Послушаем нескольких второстепенных поэтов группы. «Я объявляю искусство, — говорит г-н Поль Адам, — воплощением догмы в символе. Это средство заставить систему преобладать и вывести истины на свет дня». Г-н Реми де Гурмон честно признается: «Я не могу раскрыть скрытый смысл слова «символизм», поскольку я не теоретик и не маг». А г-н Сен-Поль-Ру-ле-Манифик произносит это глубокое предупреждение: «Будем осторожны! Символизм, доведенный до крайности, ведет к nombrilisme и к болезненному механизму... Этот символизм в некоторой степени является пародией на мистицизм... Чистый символизм — это аномалия в этом замечательном веке, замечательном своими воинствующими действиями. Давайте рассматривать это переходное искусство как ловкий трюк, сыгранный с натурализмом, и как предвестник поэзии завтрашнего дня».

Мы можем ожидать от теоретиков и философов группы более исчерпывающей информации относительно их методов и целей. Соответственно, г-н Шарль Морис наставляет нас, как «символ — это сочетание объектов, которые вызвали наши ощущения, с нашими душами, в вымысле [fiction]. Средство — это внушение; вопрос в том, чтобы дать людям воспоминание о чем-то, чего они никогда не видели». А г-н Гюстав Кан говорит: «Лично для меня символическое искусство состоит в записи в цикле работ, как можно более полно, модификаций и вариаций ума поэта, который вдохновлен целью, которую он определил».

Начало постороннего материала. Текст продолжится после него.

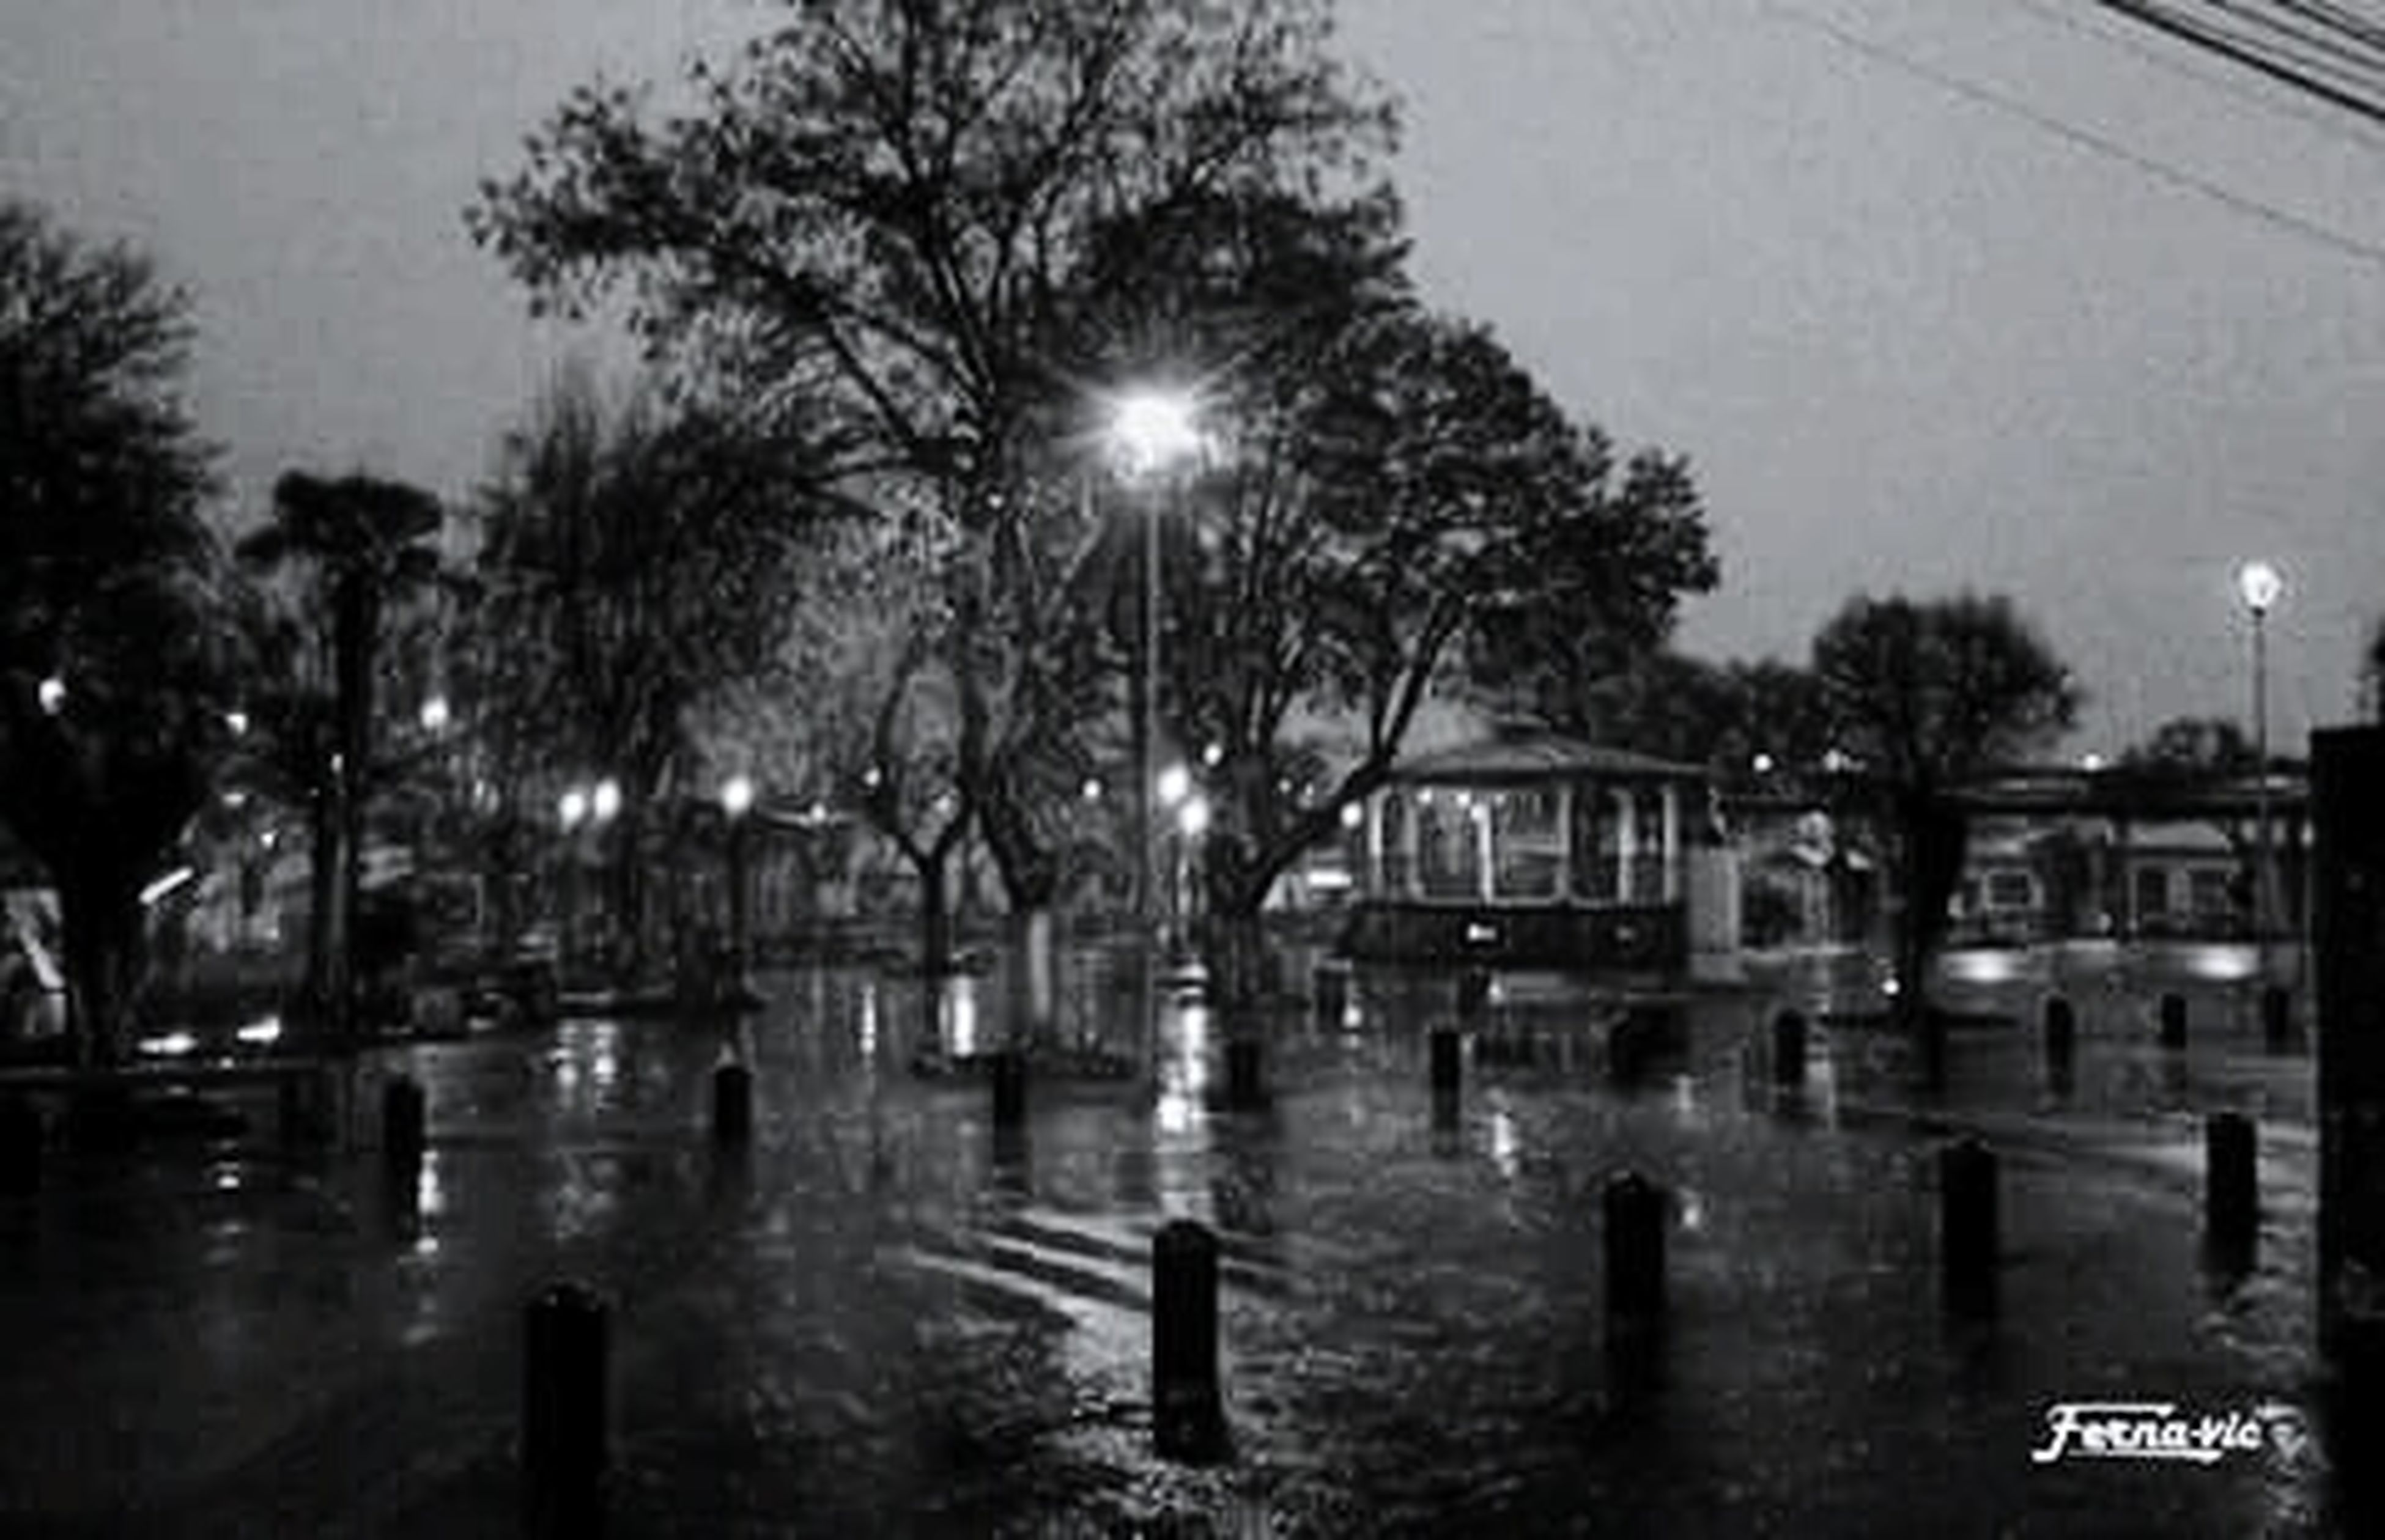 Noche de Lluvia (foto sacada por mi papa) -San Rosendo- /Chile/ ☺👍👌 Maka Sanrokee Love

В Германии уже нашлись некоторые имбецилы и идиоты, некоторые жертвы истерии и графомании, которые утверждают, что понимают эту болтовню, и которые развивают ее дальше в лекциях, газетных статьях и книгах. Культурный немецкий филистер, которому с давних пор проповедовали презрение к «плоскости», т. е. к здоровому здравому смыслу, и восхищение «глубоким смыслом», который, как правило, является лишь тщетным бурлением мягких и сгнивших мозгов, неспособных к мышлению, становится заметно неспокойным и начинает спрашивать, не может ли действительно быть что-то за этими бессмысленными рядами слов. Во Франции люди не попались на липкие ветки этих бедных дураков и хладнокровных шутов, а сочли символизм тем, чем он на самом деле является, — безумием или обманом. Мы встретим эти слова в сочинениях известных представителей всех оттенков литературной мысли.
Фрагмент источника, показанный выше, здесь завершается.